▶ **WHAT IS EXPECTED**
Set down, character for character, everything in the records below from the line holding "CityRow Team" down to the line holding "1-Korda-Studios-Medieval-backlot-set-4", and no other line.

▶ **RECORDS FOR PROCESSING**
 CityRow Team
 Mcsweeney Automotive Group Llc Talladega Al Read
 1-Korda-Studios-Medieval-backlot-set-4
---
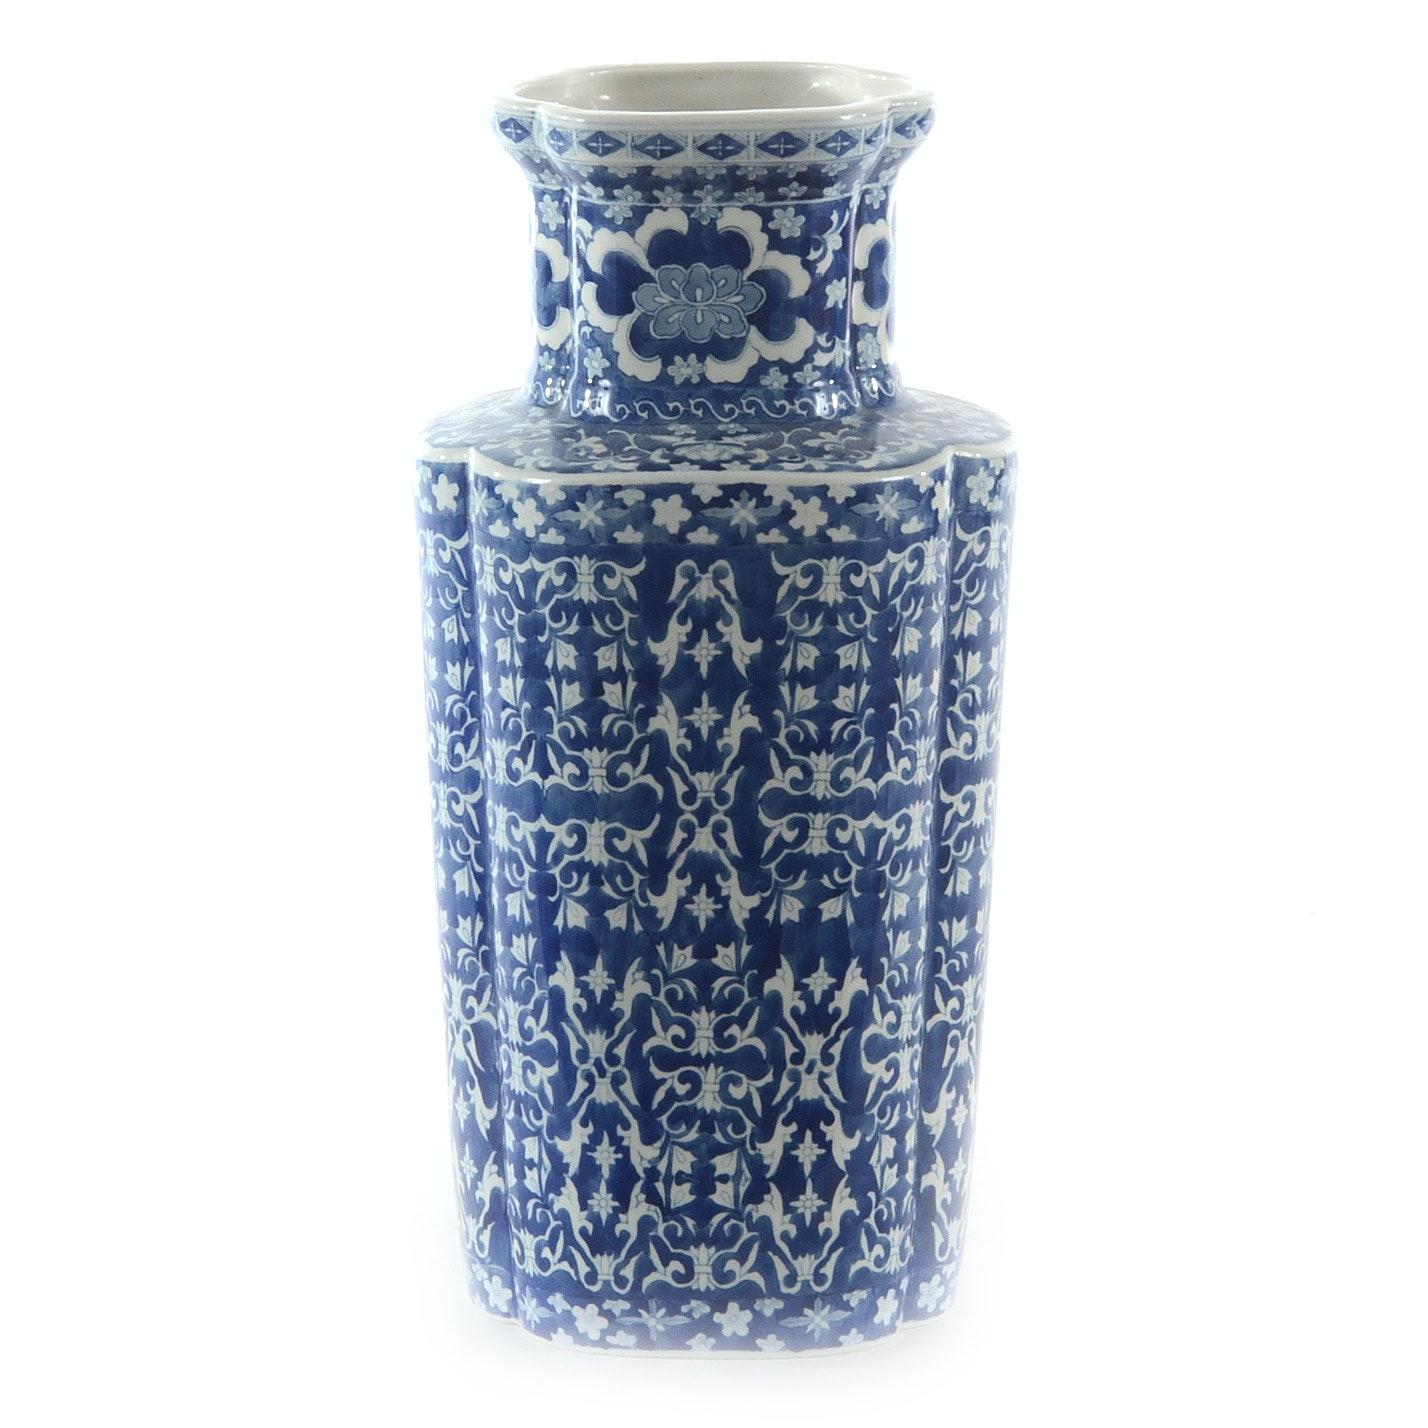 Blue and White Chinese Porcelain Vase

▶ **SOLUTION BELOW**
 CityRow Team
 Mcsweeney Automotive Group Llc Talladega Al Read
 1-Korda-Studios-Medieval-backlot-set-4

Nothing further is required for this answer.